European Society of Health and Medical Sociology
- Abbreviation: ESHMS
- Formation: 1983
- Type: Academic Society
- Region served: Europe
- Members: 300 members in 2024
- Website: https://eshms.eu

= European Society of Health and Medical Sociology =

The European Society of Health and Medical Sociology (ESHMS) is a non-profit and independent society dedicated to advancing the sub-disciplines of health sociology and medical sociology. It was founded on 28–29 August 1983 at the University of Stirling, United Kingdom.

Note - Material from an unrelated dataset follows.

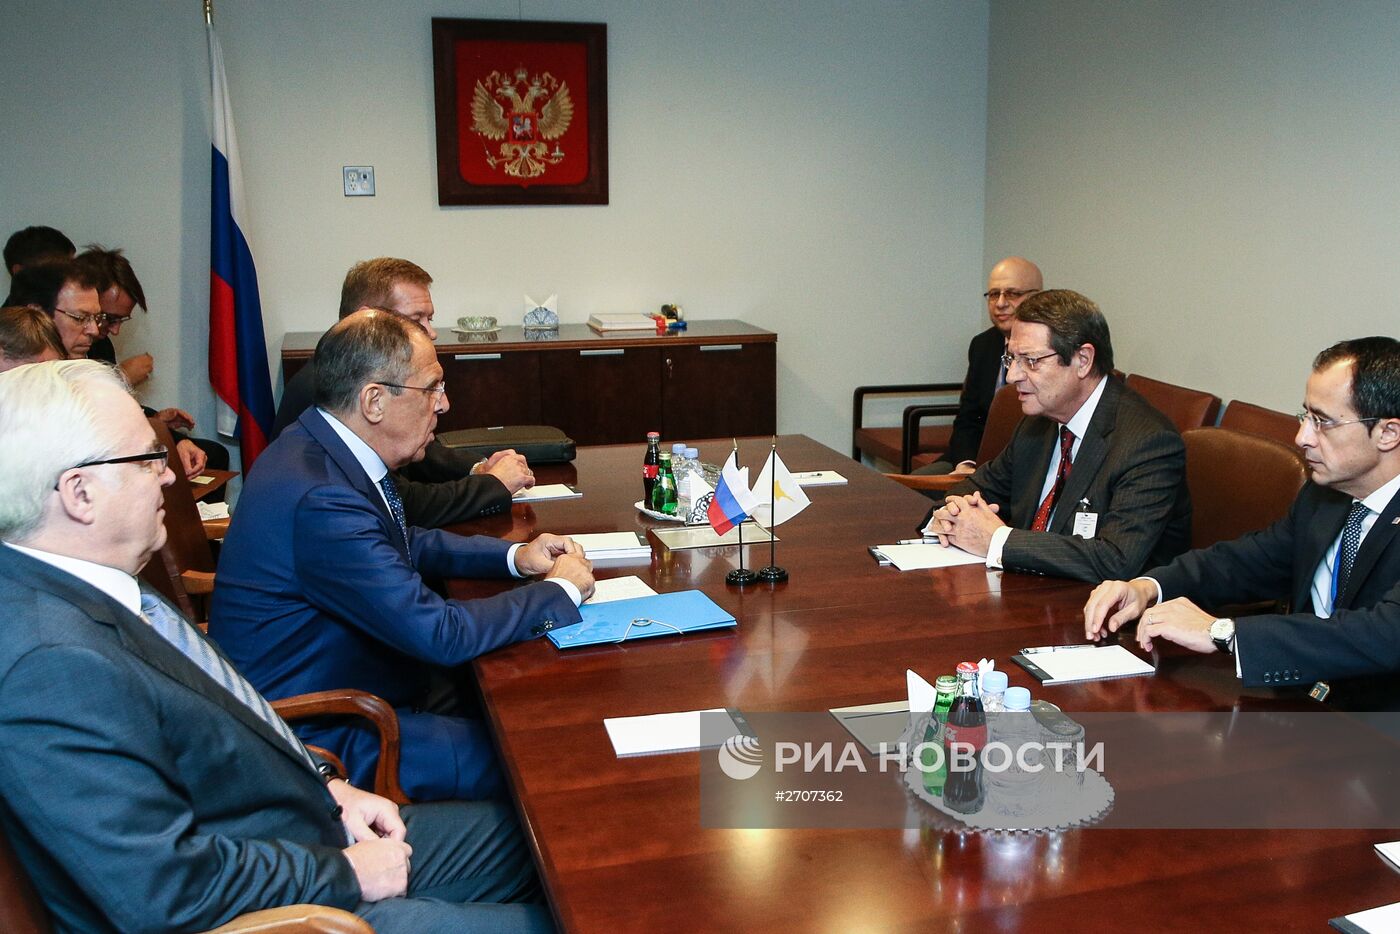 Министр иностранных дел РФ С.Лавров провел встречи в Нью-Йорке

Magdalena Sokołowska was the first president of the society and Raymond Illsley the first secretary.

ESHMS is composed of scientists involved in health and medical sociology research, health policy, health promotion and social epidemiology.

The official language of the society is English.

== Founding and history ==
The ESHMS was founded by Magdalena Sokolowska, Raymond Illsley, Ivo Nuyens, Per-Gunnar Svensson and Johannes Siegrist, among others, in response to the growing interest in sociological perspectives on health and medicine in Europe, including Israel.

The WHO played a key role in the creation of the society. Following the 1978 Alma-Ata conference, the 34th World Health Assembly adopted the "Global strategy health for all by the year 2000". This initiative aimed to achieve an acceptable level of health "for all" individuals, enabling them "to lead a socially and economically productive life". The WHO European Office encouraged European sociologists to set up the European Society of Medical Sociology, which was founded in 1983.

The society has since grown to include members from diverse academic backgrounds and countries, and serves as a forum for discussing health issues, synthetising knowledge and experiences across European countries, and creating opportunities for research and international cooperation. Key milestones in the society's development include the launch of its biennial conference and its collaborations with other international associations.

== Activities ==
The ESHMS supports various activities, including:
- Organising the European biennial conference of health and medical sociology
- Organising workshops and summer schools.
- Promoting publications in the field of sociology of health and medicine.
- Supporting early-career researchers
- Facilitating collaborative research projects
- Providing networking opportunities for members.
- Funding research visits through dedicated grants.
- Awarding the best contribution in health and medical sociology with the "Excellence Prize".

== Biennial Conferences ==
The ESHMS organises a biennial conference that serves as a major platform for researchers and practitioners to present their work, exchange ideas, and network. Each conference is hosted by a different academic institution in Europe, focusing on a theme relevant to current health and medical sociology issues.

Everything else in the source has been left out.